# What to work on:
Beginning at the line that mentions "WW2: Erste Stunden", retype the rest of the records below exactly. Pictures are not part of the copy.

(Data shown)

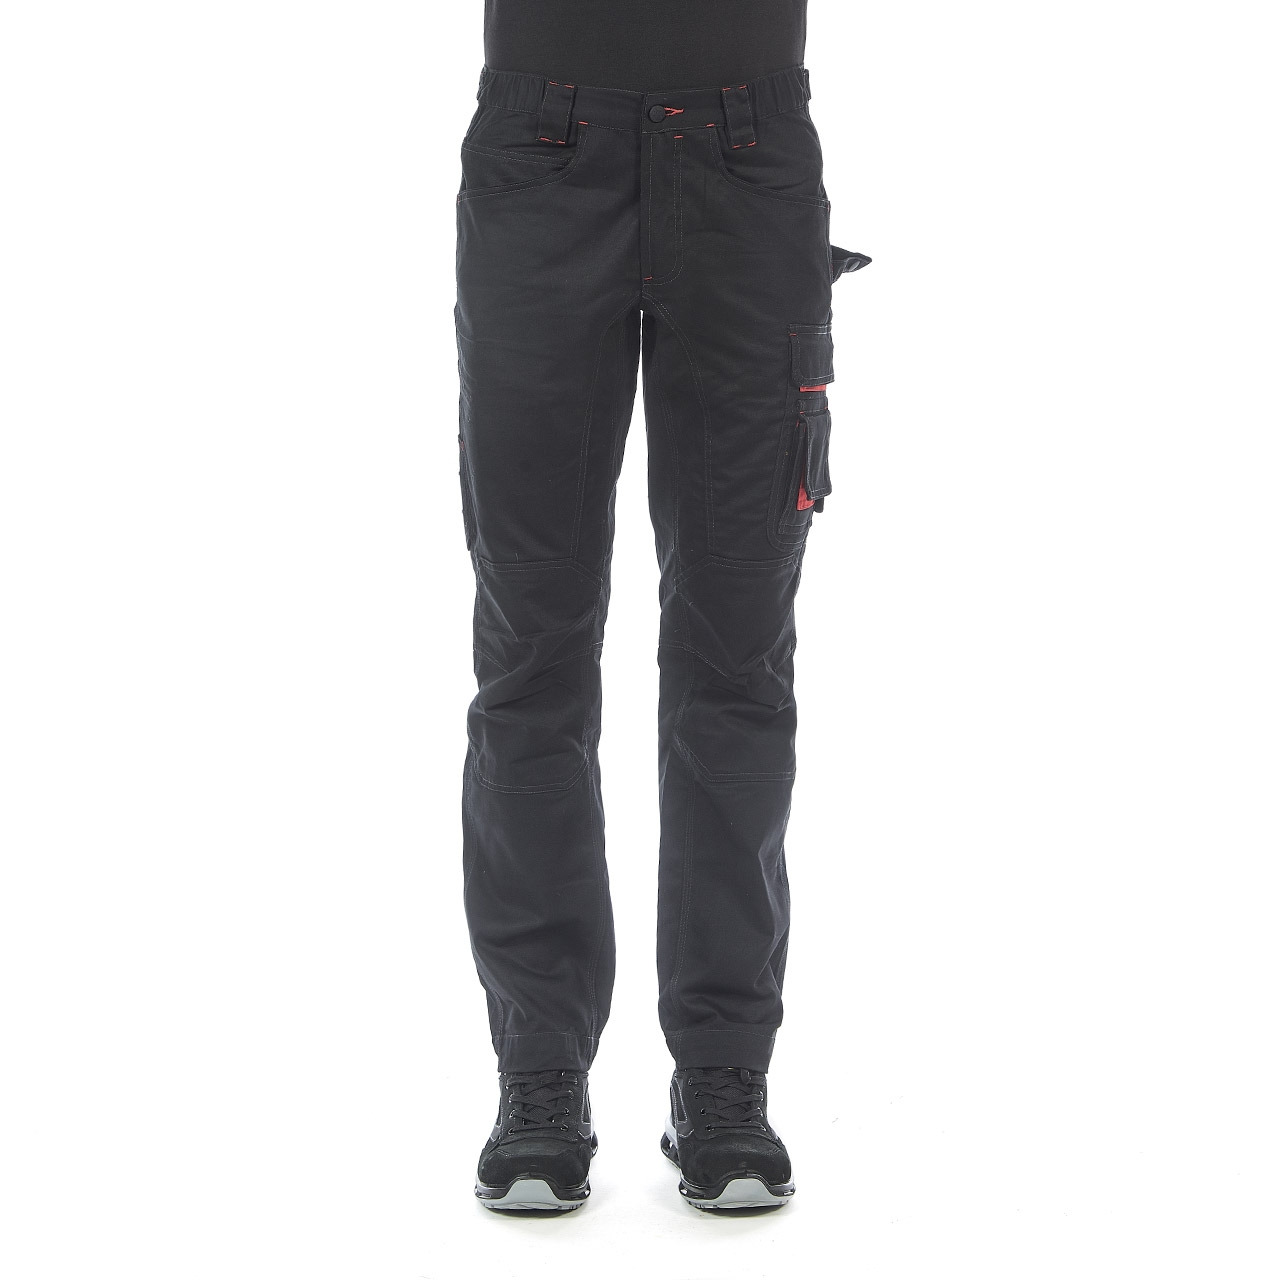 pantalone da lavoro upower modello smile colore black carbon indossato fronte
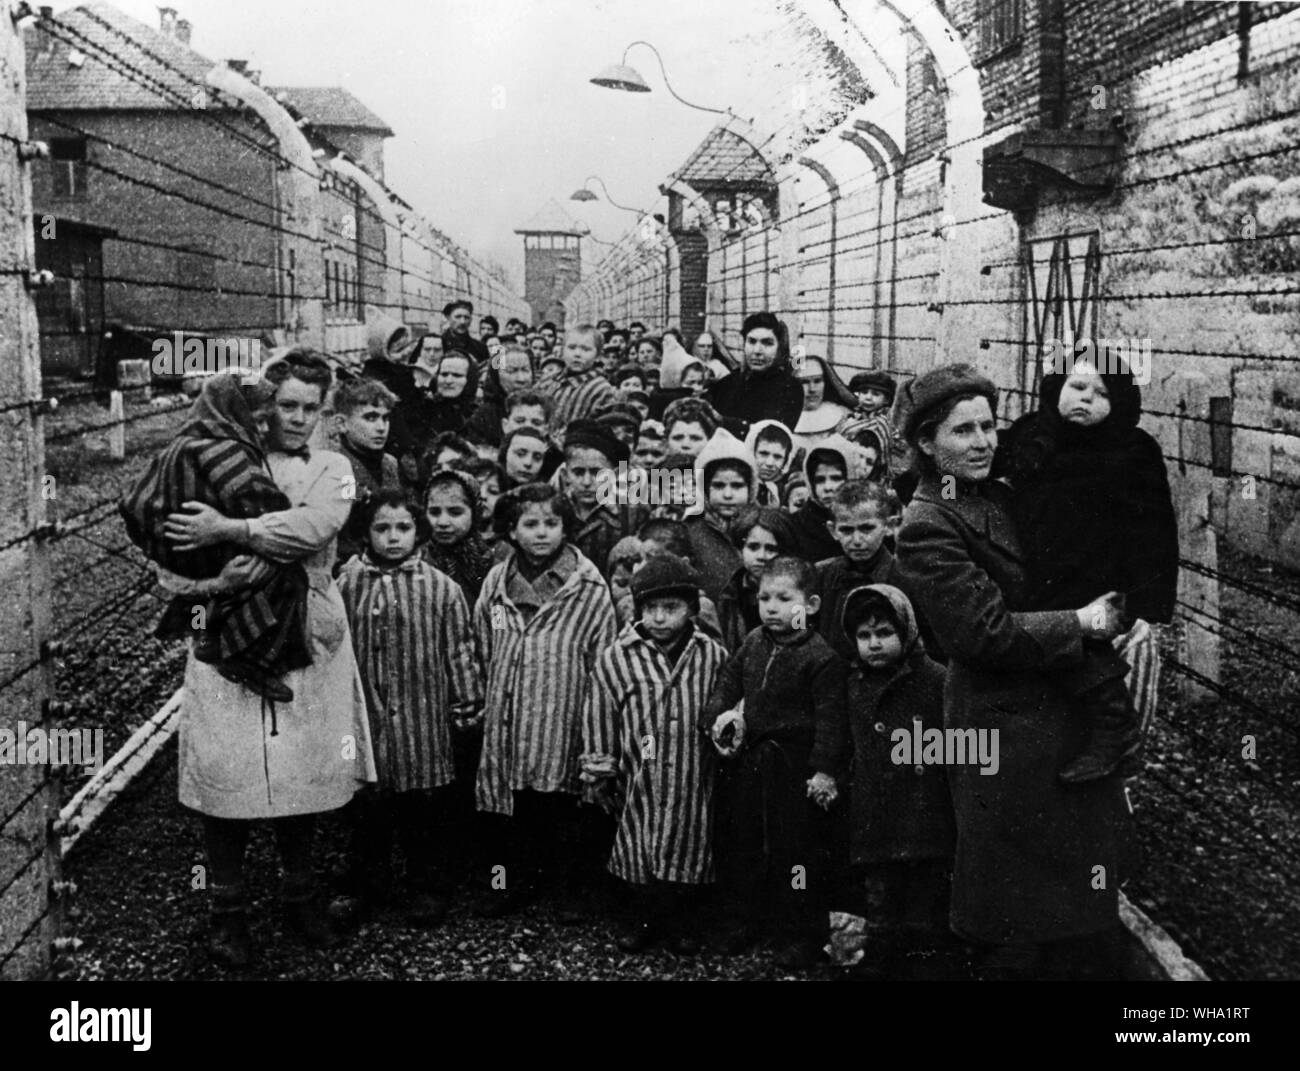 WW2: Erste Stunden unmittelbar nach der Sowjetischen Armee das Konzentrationslager Auschwitz befreit, Januar 1945. Auschwitz, Polen. Sowjetische Ärzte und Vertreter des Roten Kreuzes mit Kind - Gefangene des Lagers. Stockfoto
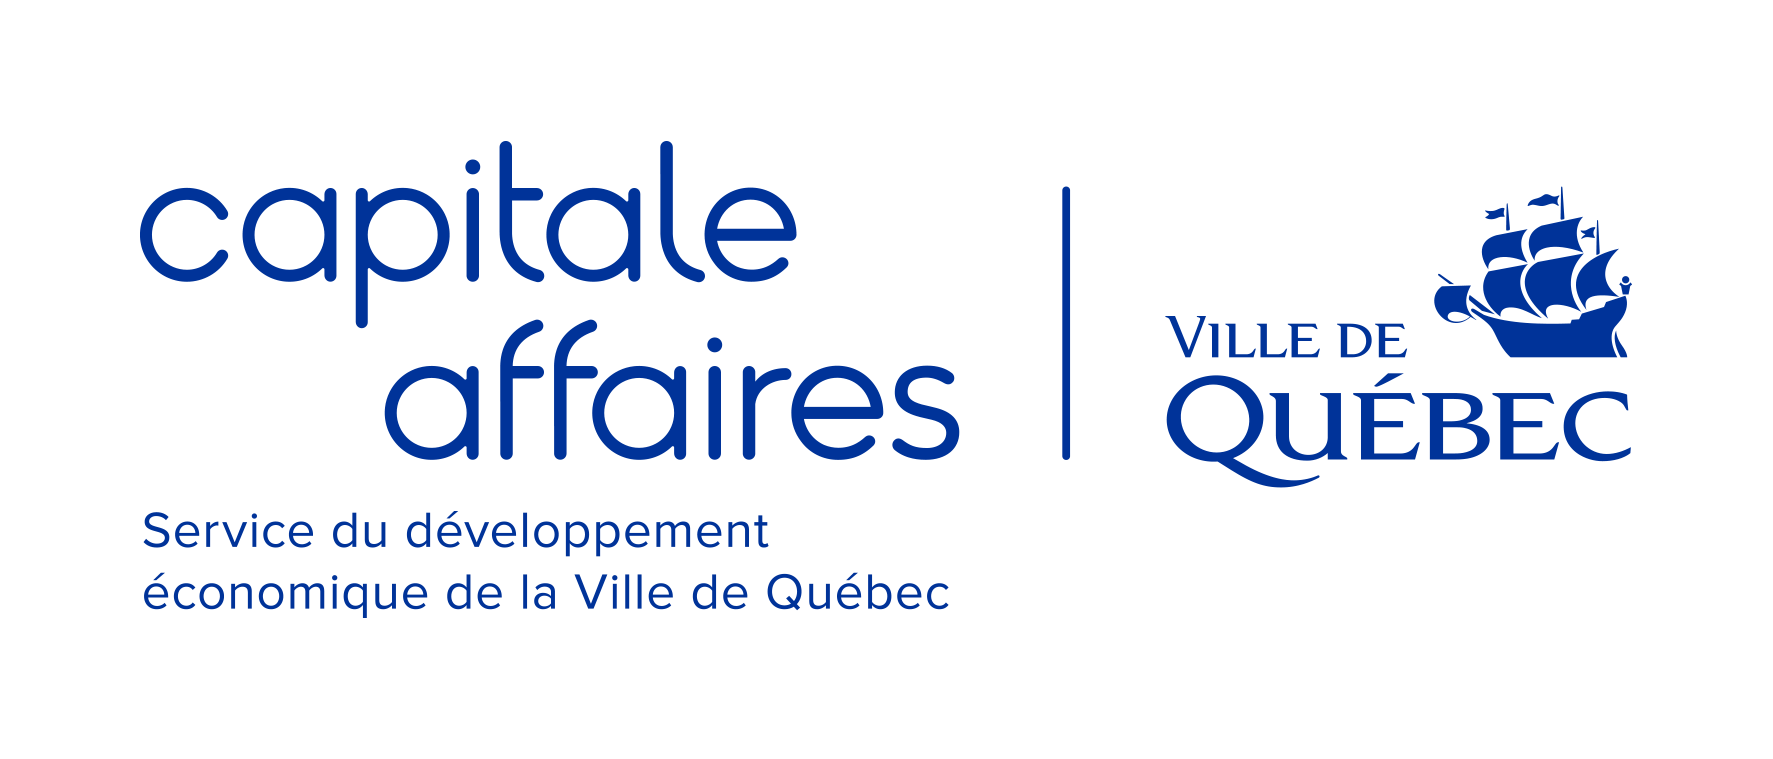 Logo Capitale affaires Ville de Québec
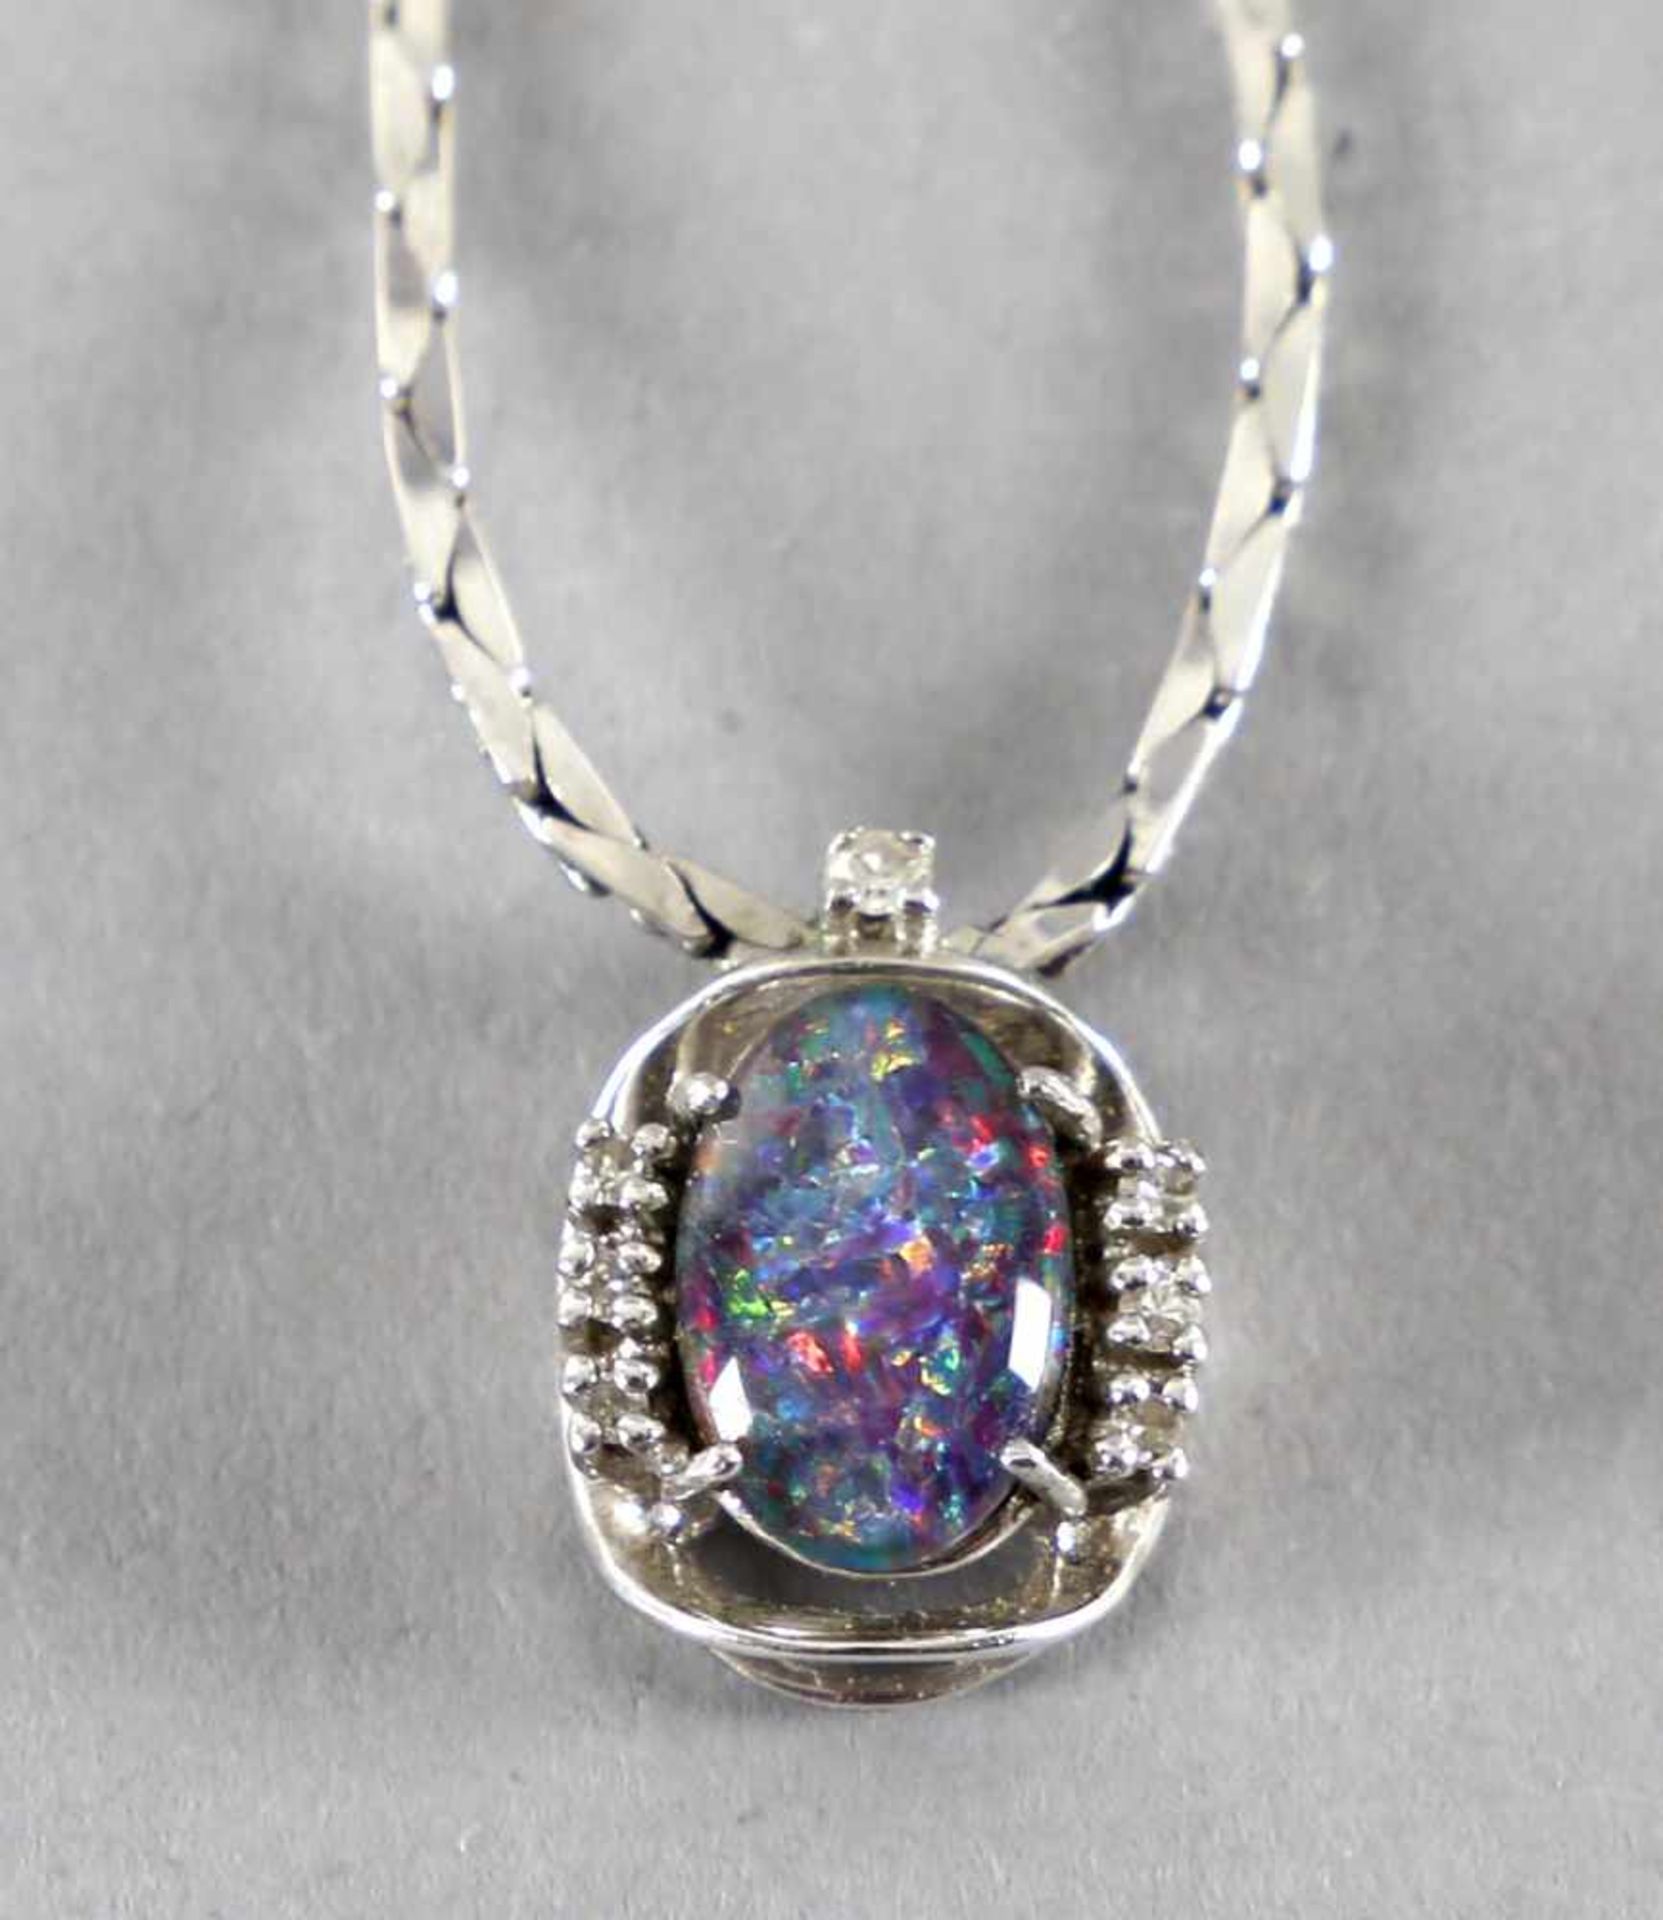 Halskette aus 585er WG mit Opalfeine flach gearbeitete Kette aus kleinen Einzelgliedern in
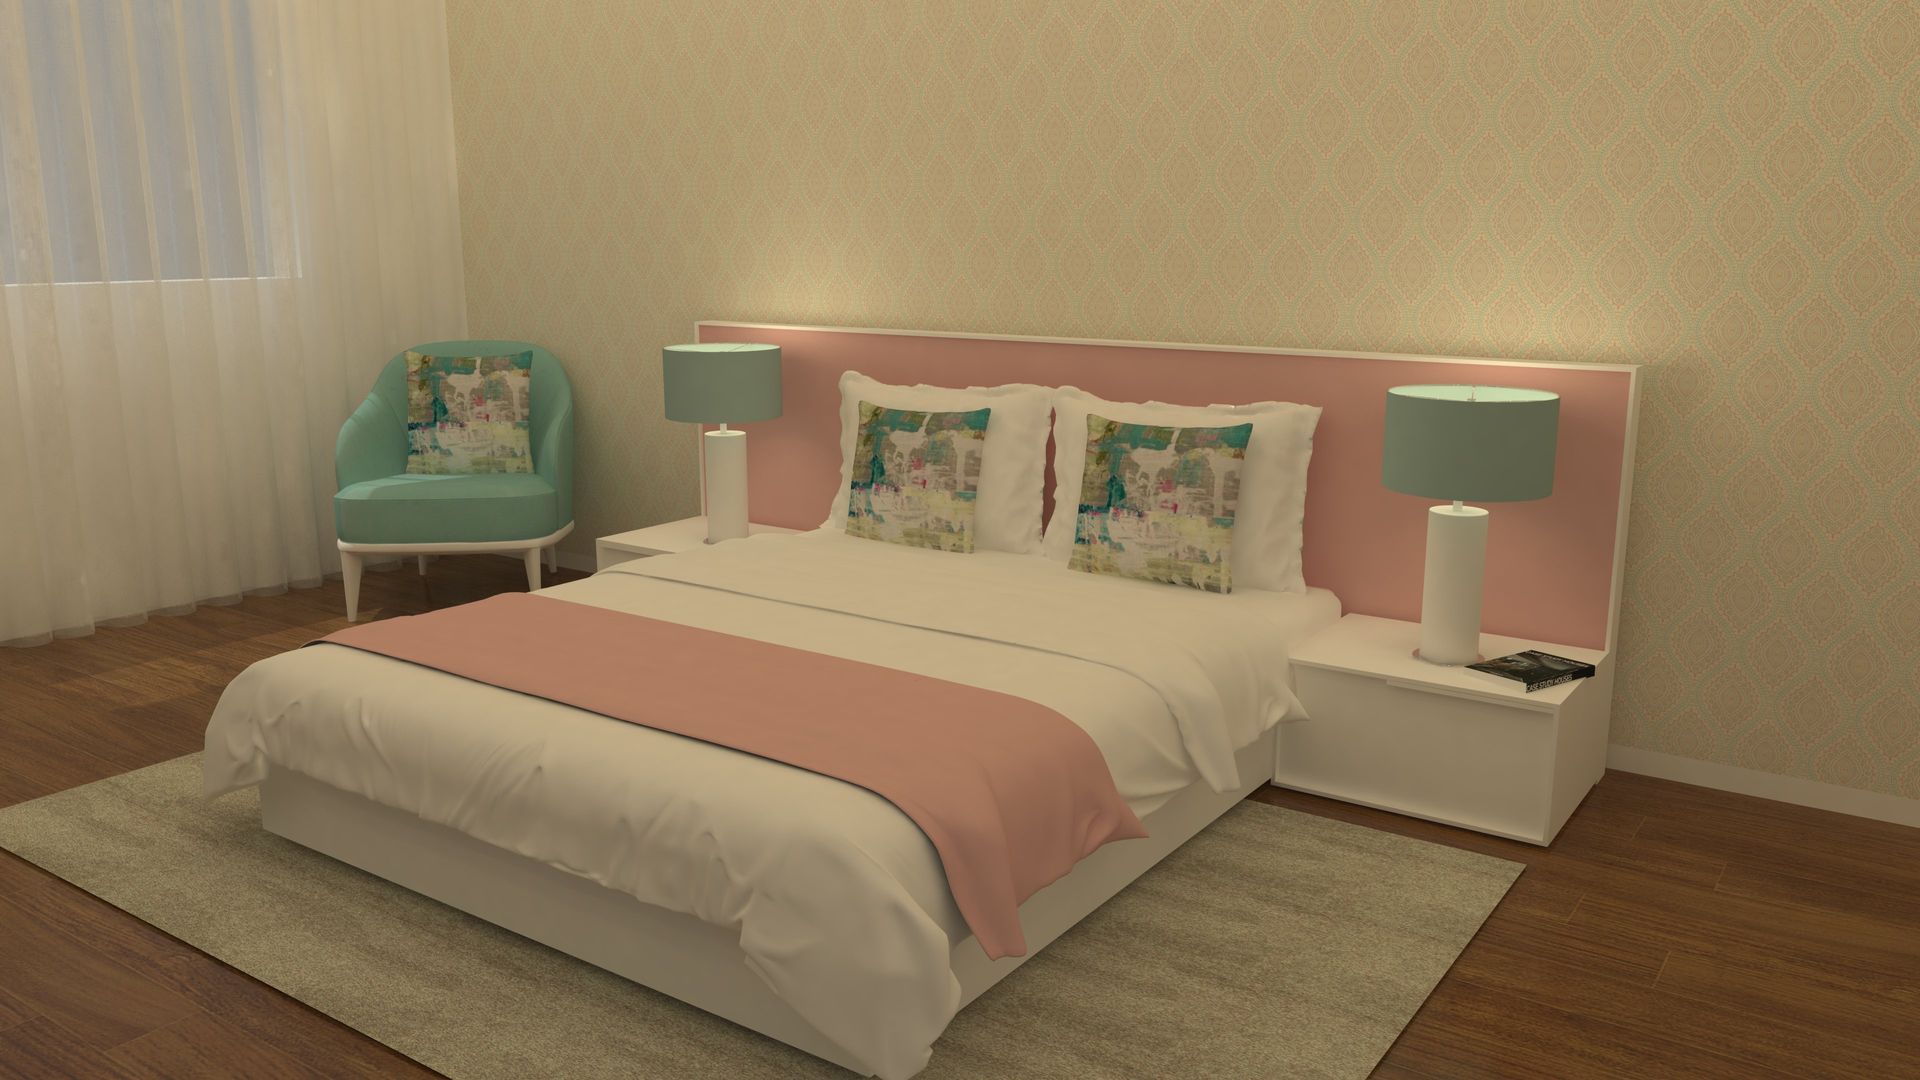 Um quarto com toque feminino! Casativa Interiores Quartos modernos quarto de casal,quarto feminino,decoração,design de interiores,rosa

(End Data shown)

# Output for this exercise:
 WW2: Erste Stunden unmittelbar nach der Sowjetischen Armee das Konzentrationslager Auschwitz befreit, Januar 1945. Auschwitz, Polen. Sowjetische Ärzte und Vertreter des Roten Kreuzes mit Kind - Gefangene des Lagers. Stockfoto
 Logo Capitale affaires Ville de Québec
 Halskette aus 585er WG mit Opalfeine flach gearbeitete Kette aus kleinen Einzelgliedern in
 Um quarto com toque feminino! Casativa Interiores Quartos modernos quarto de casal,quarto feminino,decoração,design de interiores,rosa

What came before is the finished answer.